Response from Dr. Cohen

Sorry for the delay Bob. Hope this comes in time to be of use.

There are studies done in those with a baseline viral load over 100,000 like yourself. And on the simple regimen of Combivir/Ziagen there was a reasonable chance of getting the viral load to below 50 copies - our hurdle to a most durable regimen. But there is a somewhat reduced chance of getting there on this combination than on others. The most consistently successful of the three drug combos at high viral loads has been the combination of two nucleosides and a nonnuke - most of the data is with Sustiva/efavirenz, and there is some controversy although some support for how well nevirapine/Viramune might do here as well (with two nucleosides).

However - other combinations can get you there. And you can look at certain timepoints to know if you are "on track" to getting there - meaning in the first 24 weeks, most likely your viral load should be getting close to 50 copies - certainly down towards 400 by then - it can take up to 36 weeks to drop to below 50 copies when starting at a viral load over 300,000. As long as each time you check you are continuing to drop - then this combo can be potent enough for you. It appears to be potent enough for maybe a third of those who take it at this viral load level. And if you do get there - it appears to be durable.

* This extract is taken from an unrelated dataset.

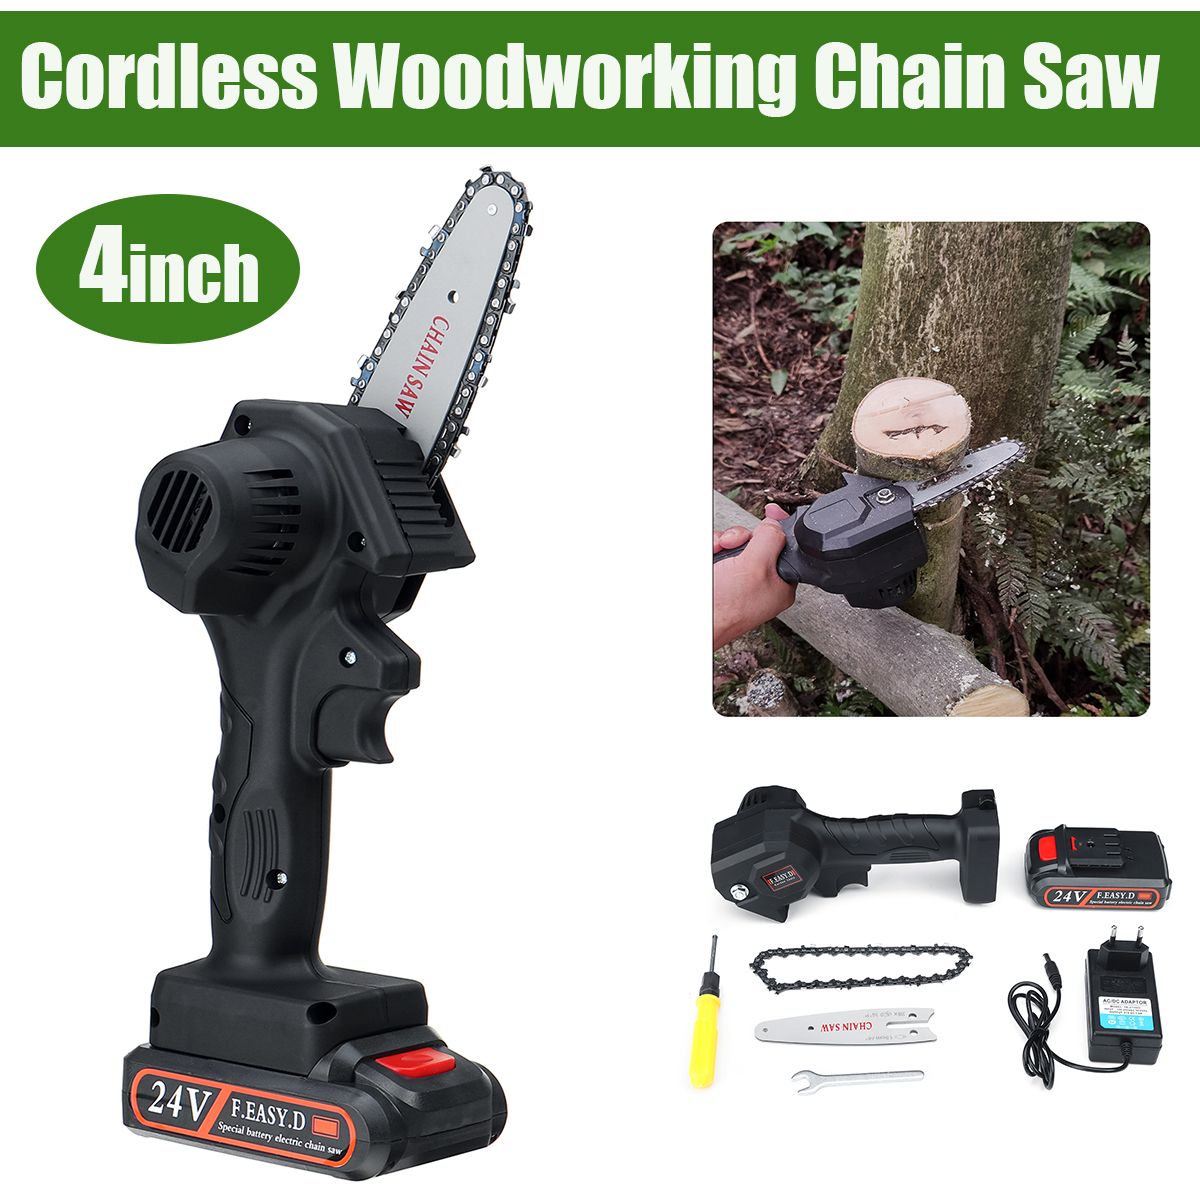 24V-Rechargeable-Cordless-Electric-Saw-Portable-Woodworking-Cutting-Tool-W-Battery-1740320

If on the other hand you are not getting towards 50 copies, or bouncing around after being there - there is some interesting info to look at. One school of thought suggests we should do whatever we can to get to below 50 - and so changing this regimen in some way would be needed. The best change to make is unclear - one approach however would be to change at least two drugs if one of them is a nonnuke - like staying on AZT, but stopping the 3TC and abacavir, and going on ddI with a nonnuke. Or keeping the abacavir, and adding ddI and a nonnuke. Or keeping the abacavir, and going on d4T and the nonnuke... get the idea?

That's because if your viral load is not below 50, you likely now have a viral strain that is partially resistant to the 3TC - the most vulnerable drug in your combination. And while you could just add the nonnuke at that point, we have noted in past studies that just adding a nonnuke has occasionally resulted in viral resistance to it as well - adding a single drug like the nonnukes that are "one mutation away" from resistance can sometimes be too easy for HIV to learn how to ignore. So we would change at least two drugs if one is the nonnuke - and since you would not want to be on five meds, and maybe even avoid being on four if you could, one option would be what I mentioned as a way to stay on three.

Hope that clarifies. With any luck you are heading to below 50 and won't need the fine tuning - let me know what happened.